### Work task:
Please reproduce all of the data below exactly, leaving each picture out.
--- Material provided Enclosed Below ---
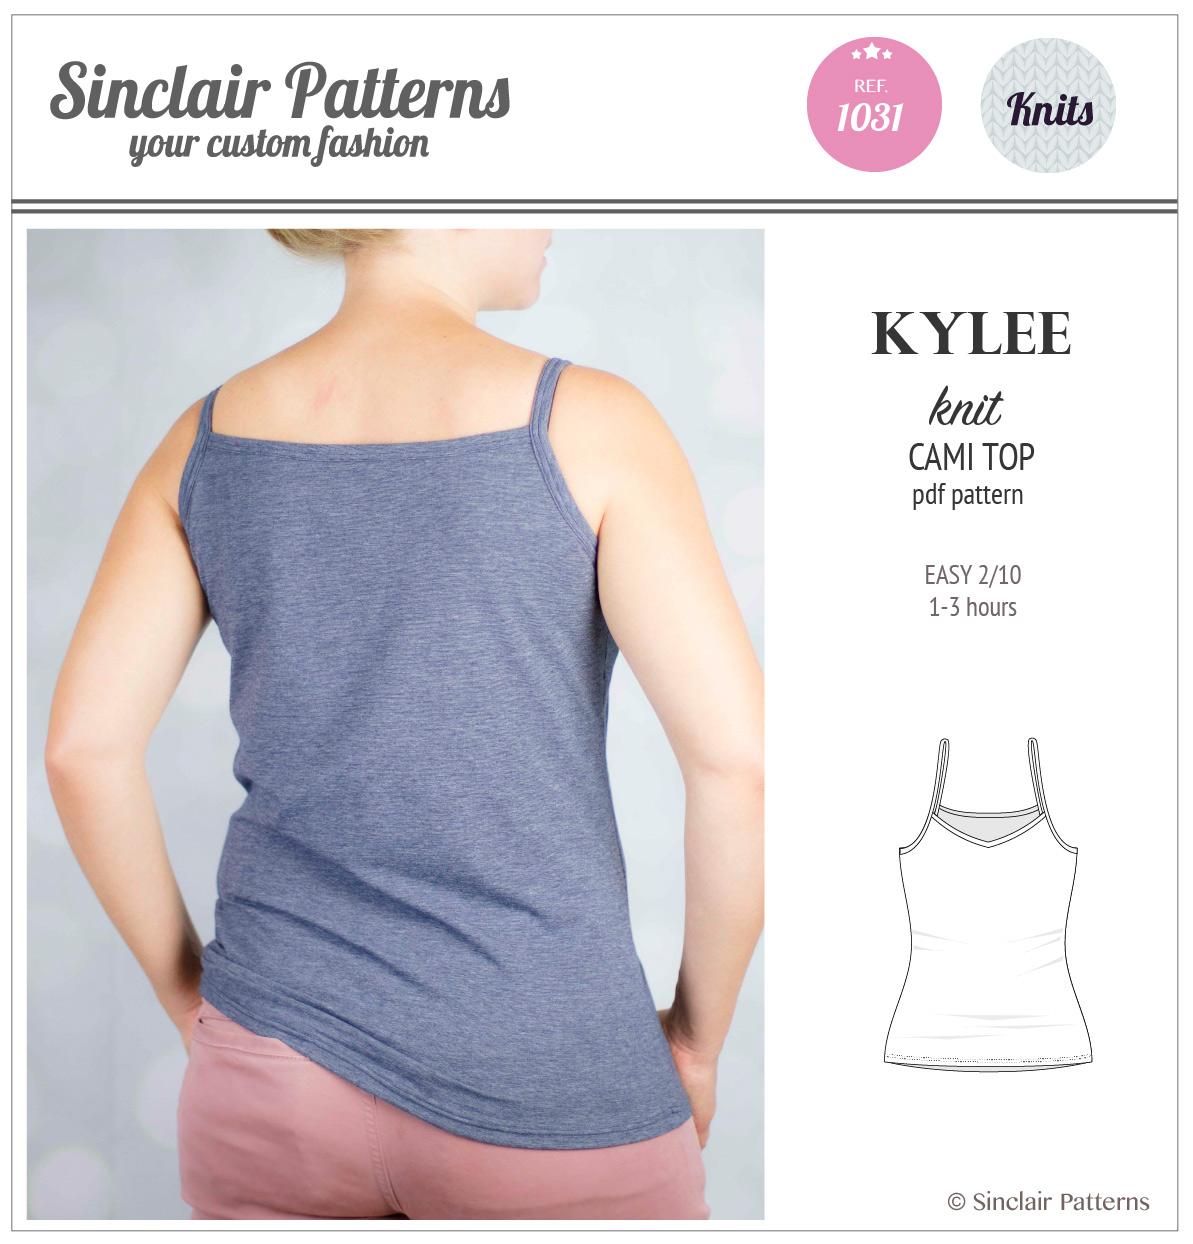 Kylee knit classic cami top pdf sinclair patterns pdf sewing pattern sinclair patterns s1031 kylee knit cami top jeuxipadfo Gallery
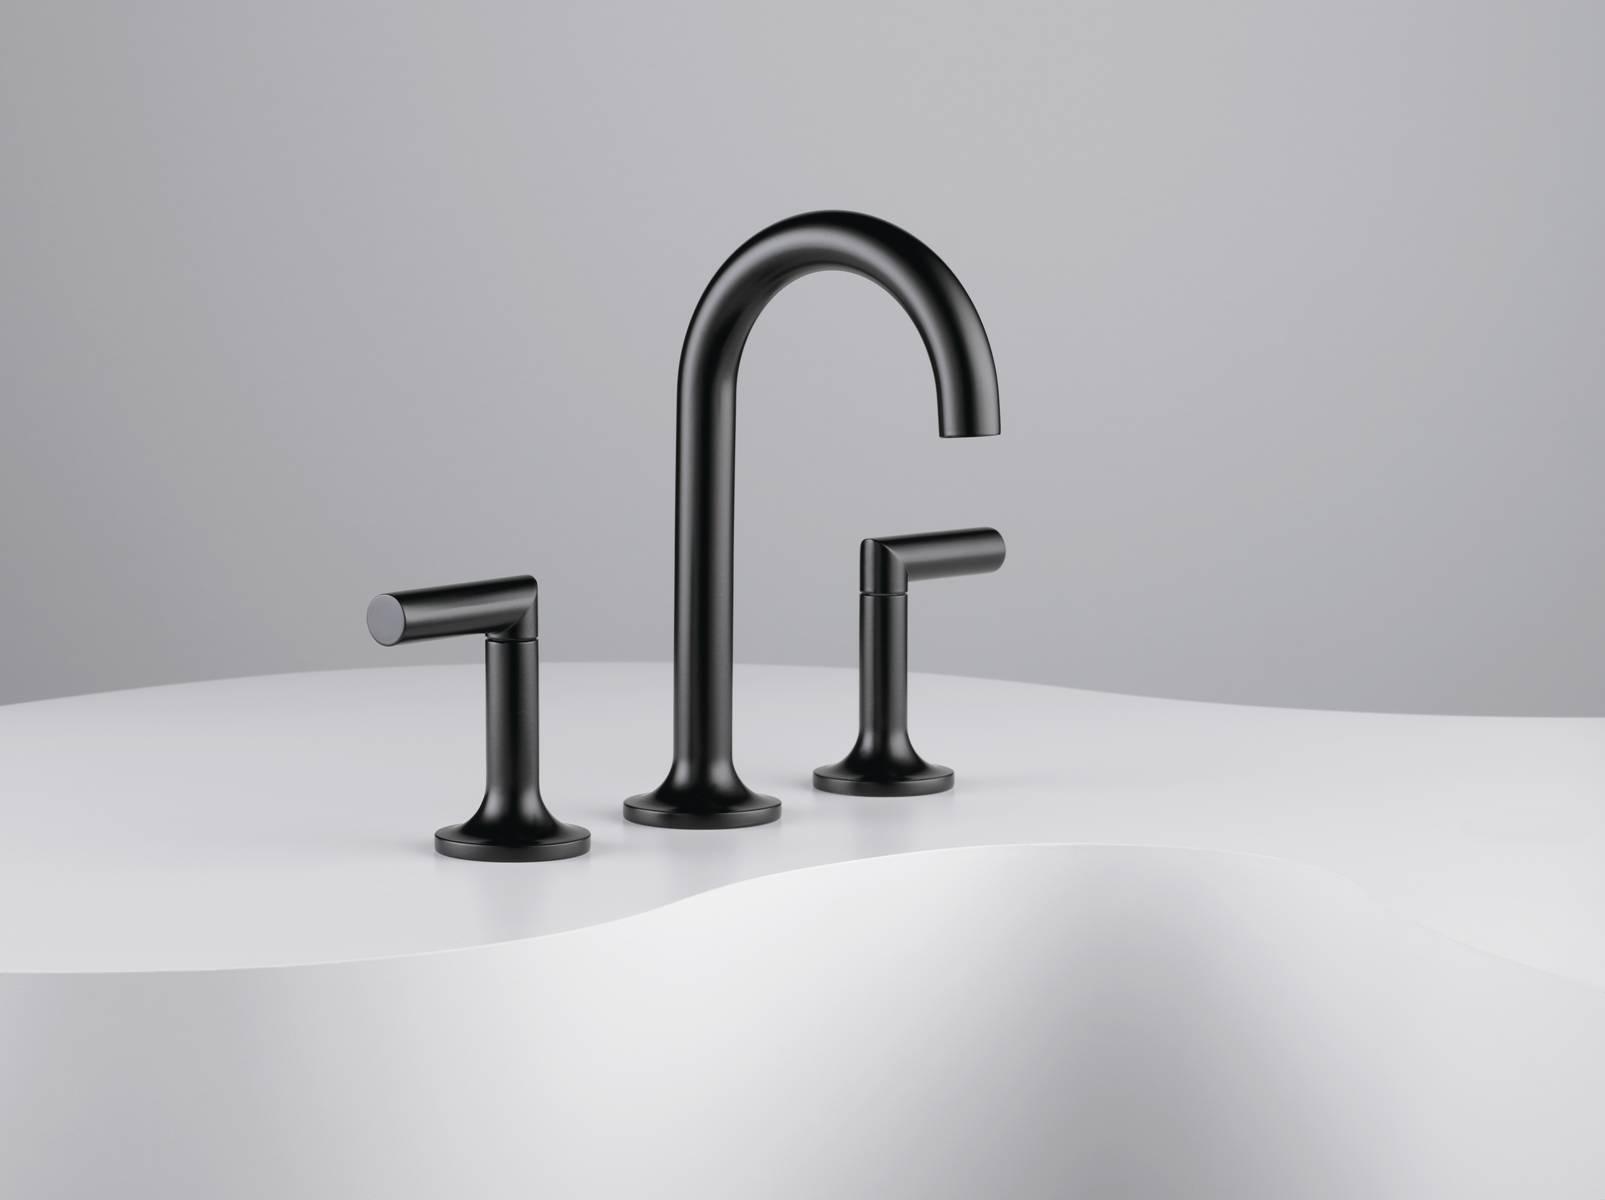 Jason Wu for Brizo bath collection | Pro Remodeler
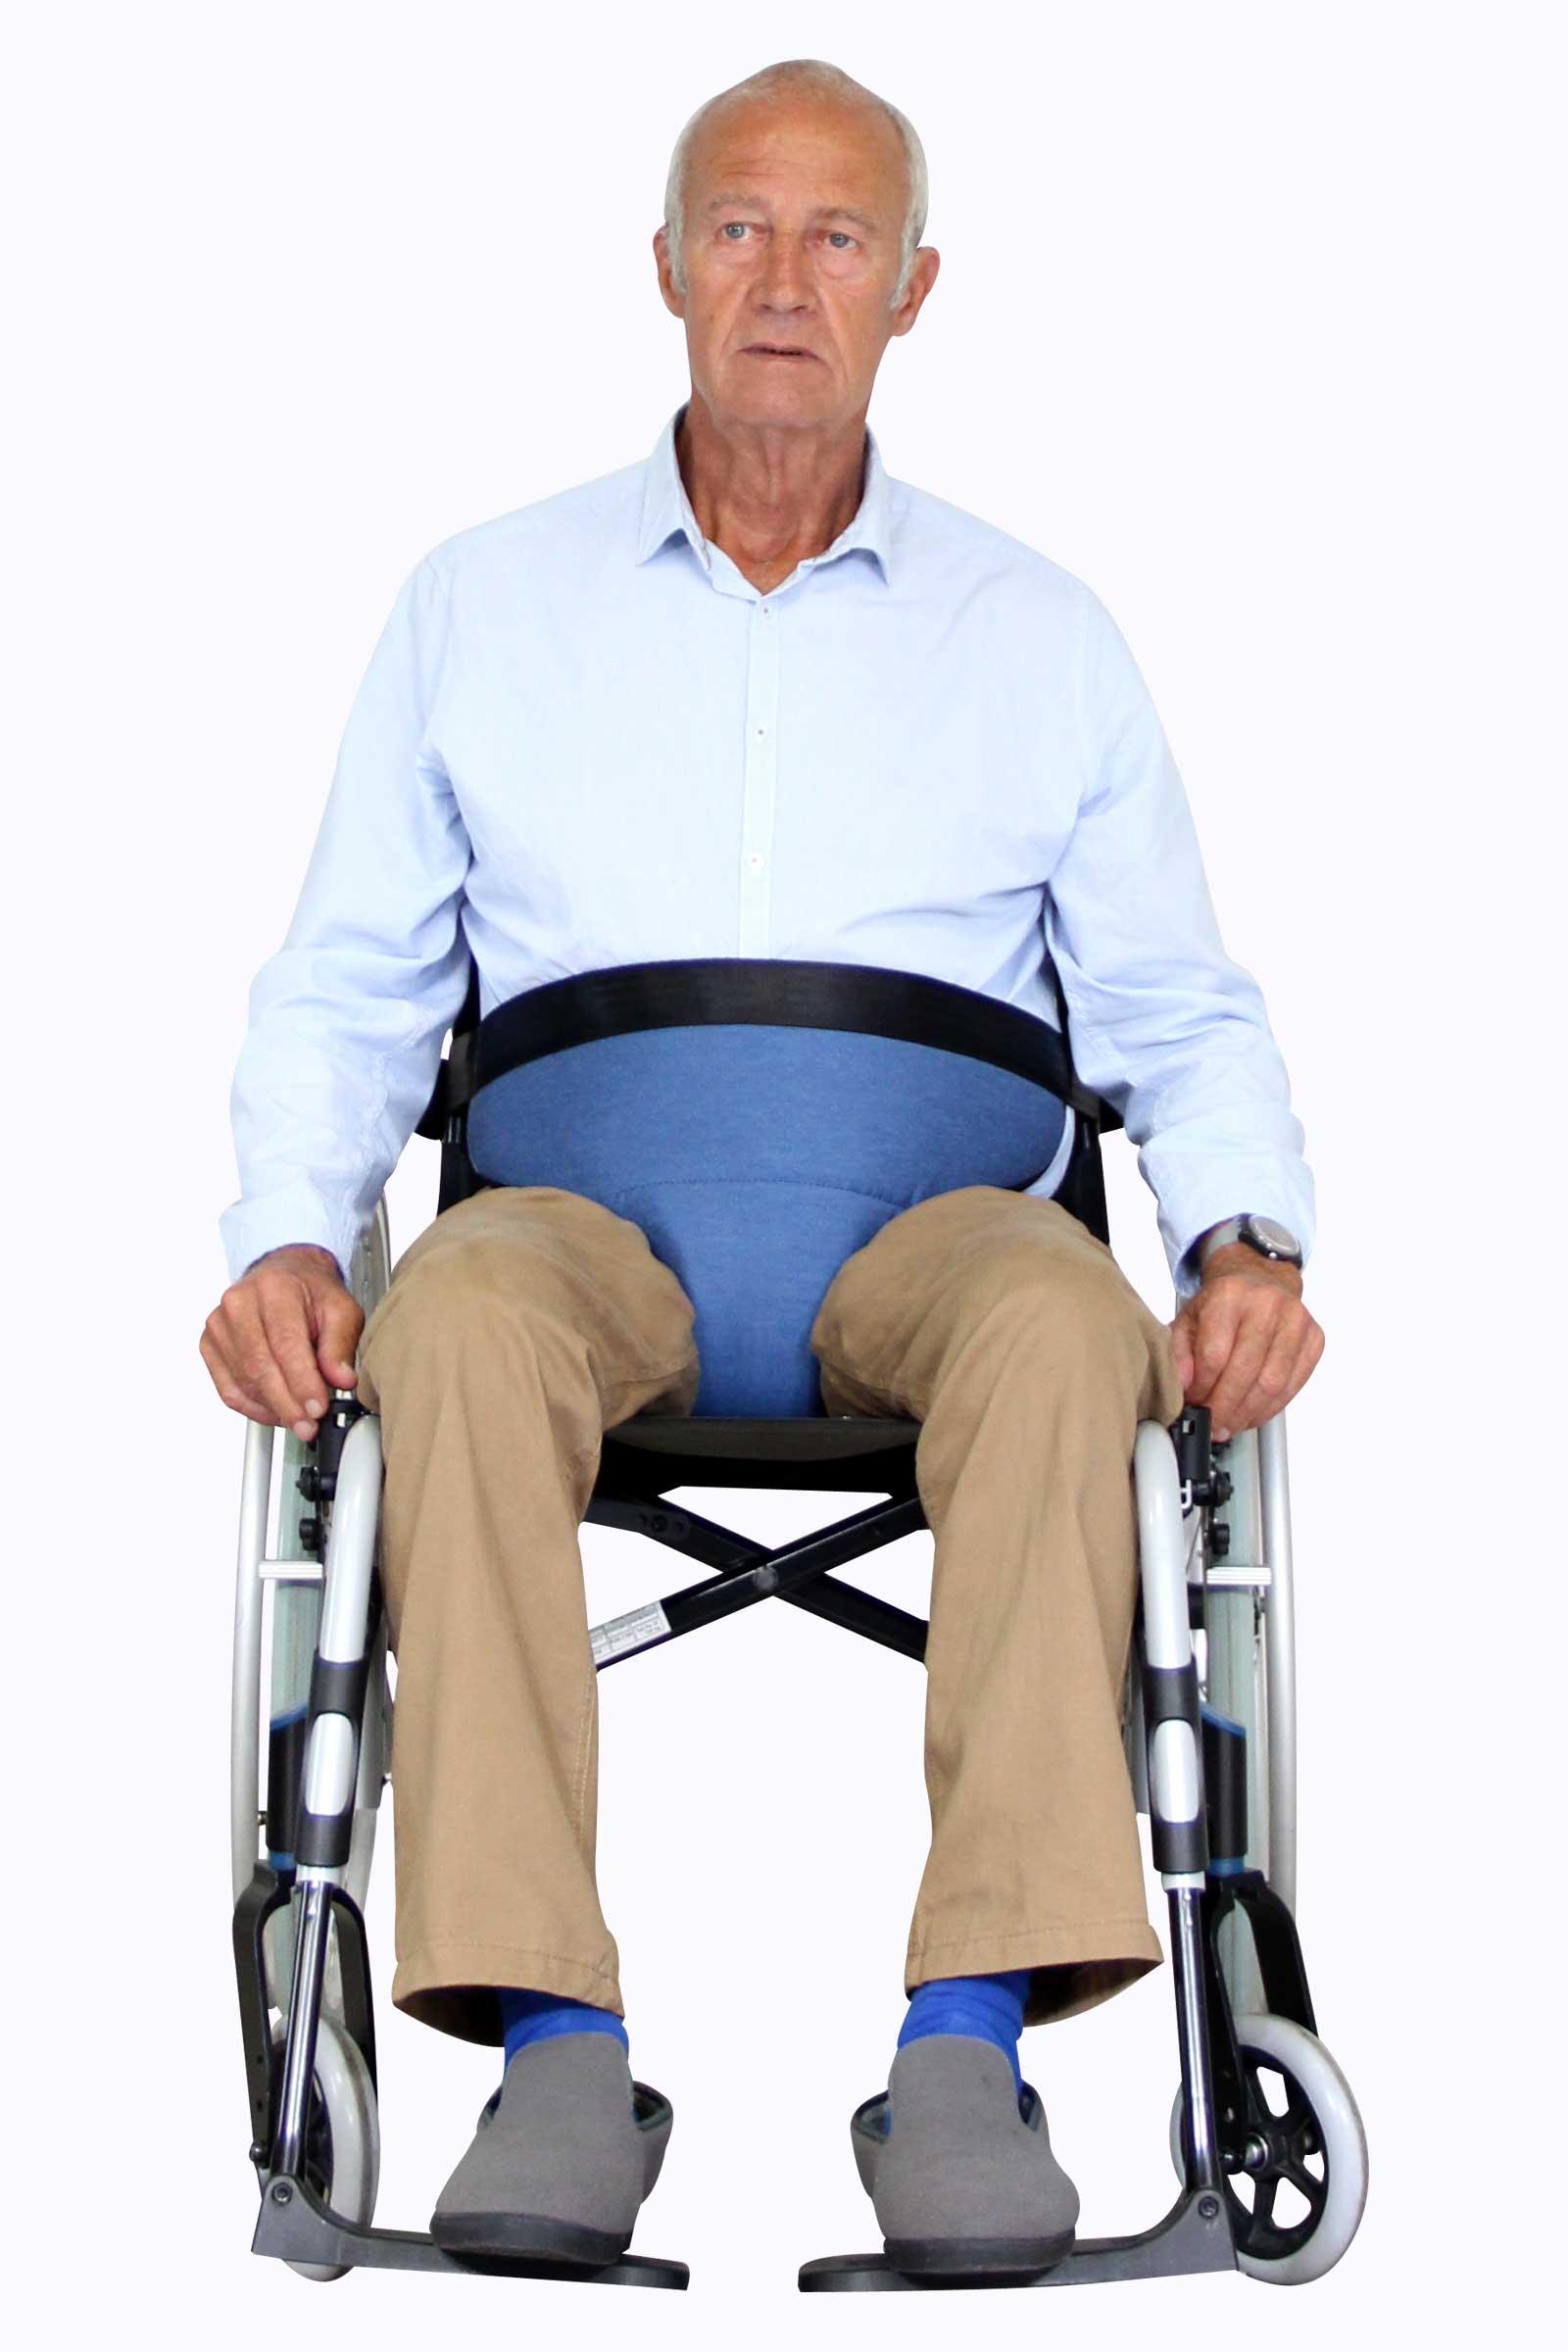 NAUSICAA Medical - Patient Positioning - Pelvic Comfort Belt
--- End of Enclosed Material provided ---
### Solved problem:
 Kylee knit classic cami top pdf sinclair patterns pdf sewing pattern sinclair patterns s1031 kylee knit cami top jeuxipadfo Gallery
 Jason Wu for Brizo bath collection | Pro Remodeler
 NAUSICAA Medical - Patient Positioning - Pelvic Comfort Belt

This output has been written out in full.